Philippe Druillet fait lui aussi partie de la toute grande histoire de la bande dessinée, cet amusement populaire devenant, dans les années 70, un art à part entière, le neuvième.

Nombreux sont les lecteurs de Pilote qui, comme moi, ont été ébahis de trouver dans les pages de leur magazine des histoires aux couleurs puissantes, au graphisme créant une espèce de calligraphie au service d’un univers jamais vu auparavant dans aucun album de bd !

Ce furent Lone Sloane, Yragaël, Urm… Et c’était un peu comme si, subitement, la peinture et ses outrances possibles et même essentielles jaillissaient dans la presse pour jeunes.

Résumer ces histoires tient de l’impossible, et c’étaient, et ce sont toujours, des livres qu’on regarde plus qu’on lit, dans lesquels le regard du lecteur a une plus grande importance que son esprit d’analyse. Druillet, c’est du lyrisme, c’est de la démesure, ce sont des paysages improbables mais extrêmement vivants et vibrants, ce sont des mélanges de couleurs étonnantes, inattendues toujours, déstabilisantes surtout. Druillet, bien sûr, ce sont aussi des histoires racontées, un peu à la manière des grandes sagas nordiques, mais adaptées dans un monde de science-fiction mêlée d’un fantastique à la Lovercraft.

Et voici donc que se rééditent (enfin !….), et de manière parfaite au niveau des couleurs et des compositions, Yragaël et Urm, les albums les plus représentatifs peut-être de ce que fut l’apport de Druillet à la bd.

Quittant Pilote, il a créé, avec Giraud et Dionnet, le mensuel Métal Hurlant et les éditions des Humanoïdes associés. Et ce fut là, dans l’aventure de ce magazine absolument somptueux, que la bd SF se vit offrir ses plus belles lettres de noblesse.

Il y avait un style Métal Hurlant, tant dans le dessin, d’ailleurs, que dans le contenu éditorial.

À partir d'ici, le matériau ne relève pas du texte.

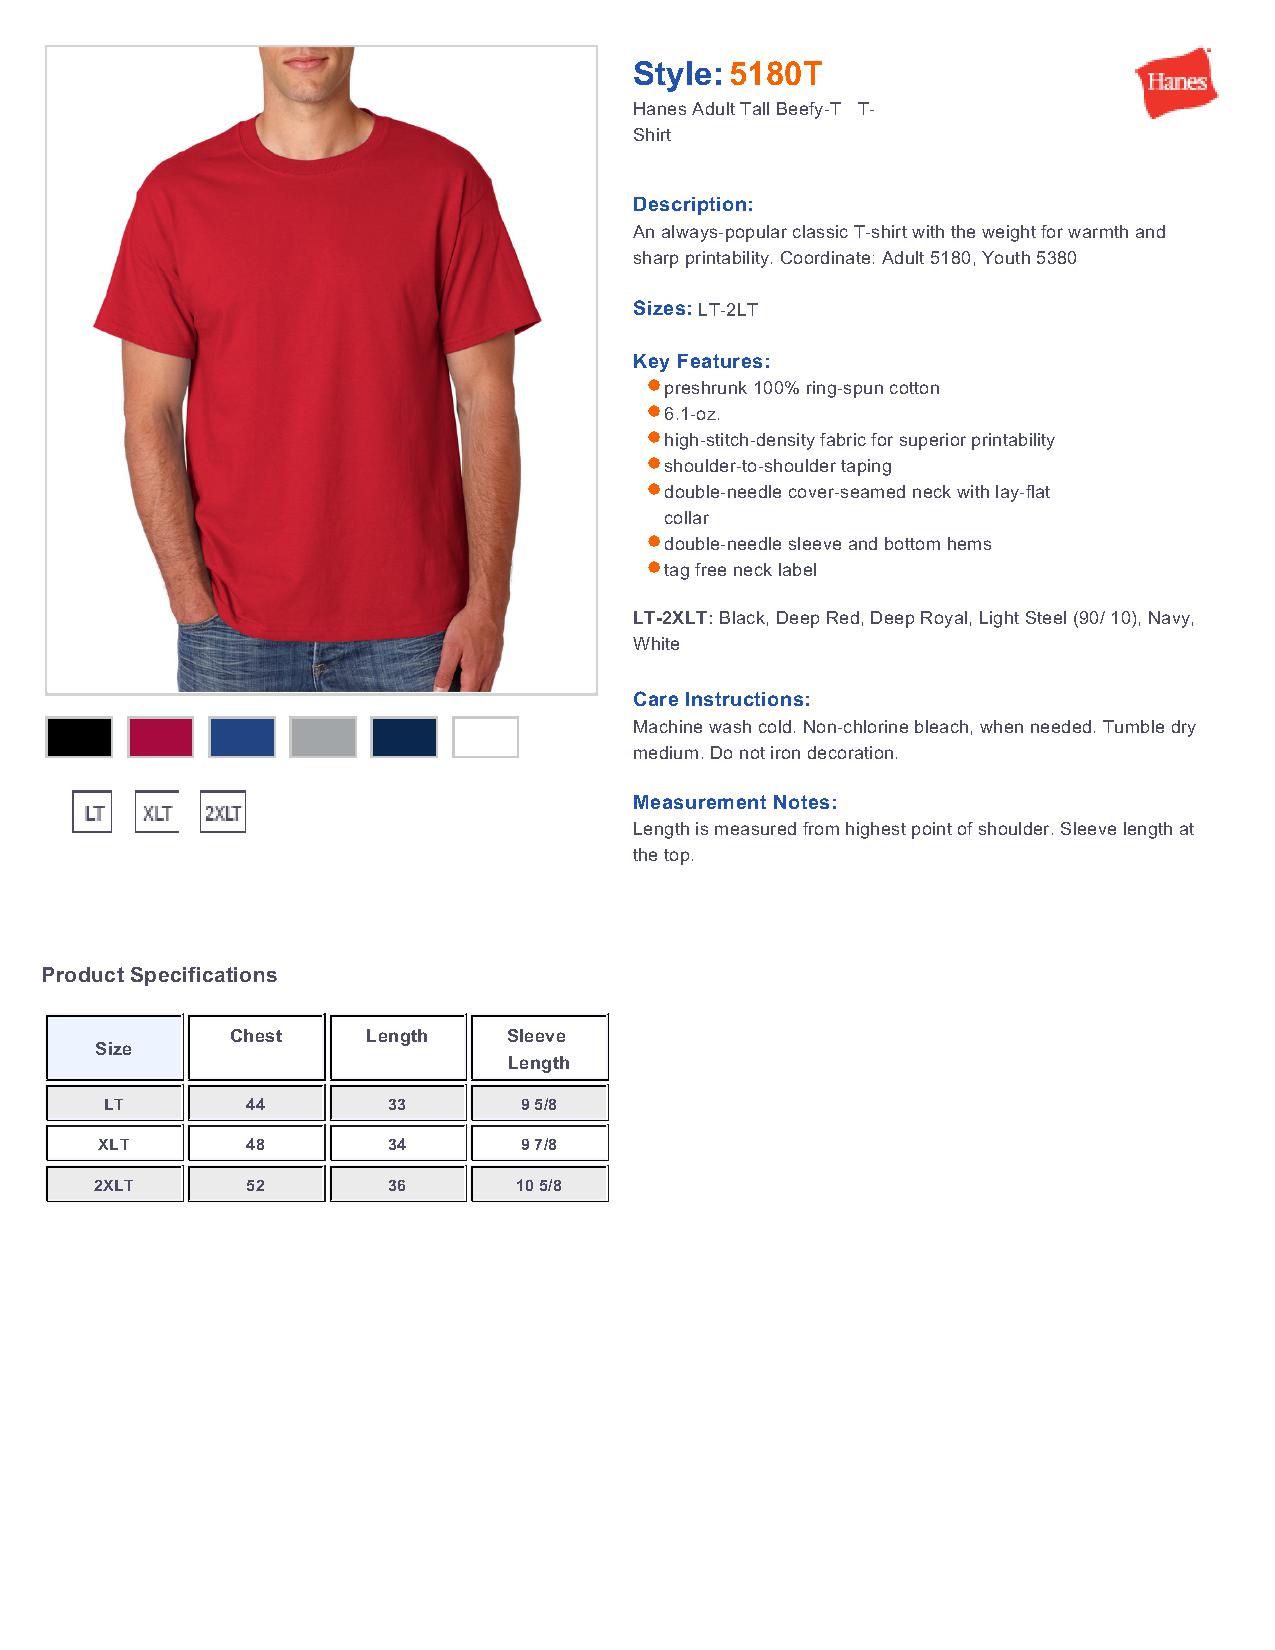 Hanes 5180T - Adult Tall Beefy-T T-Shirt $6.45 - T-Shirts

Et ce style, proche de celui de Giraud devenant Moebius, on le retrouve dans l’autre album consacré à la réédition des œuvres de Druillet : Vuzz. Là, pas de couleurs, mais du noir et blanc presque épuré, là, pas de grandes fresques mettant en lutte des personnages nombreux, mais la présence centrale d’un seul antihéros dont les seules nécessités sont de se nourrir et de prendre du plaisir. Ce livre est, en quelque sorte, un portrait décalé d’un monde post-apocalyptique, d’une évidente déshumanisation, un portrait à la fois désabusé et plein d’un humour féroce.

Rééditer Druillet, avec la qualité de ces deux rééditions-ci, c’est faire œuvre de reconnaissance d’un artiste à part entière qui a, de temps en temps, choisi la bande dessinée comme terreau de son sens aigu de la création.

vuzz – © Glénat

Ces trois livres surprennent… Loisel, dessinateur d’aujourd’hui, Druillet, dessinateur complexe d’hier et d’avant-hier, se rejoignent ainsi dans une conception du neuvième art qui en souligne, d’abord et avant tout, la variété et les mille différences.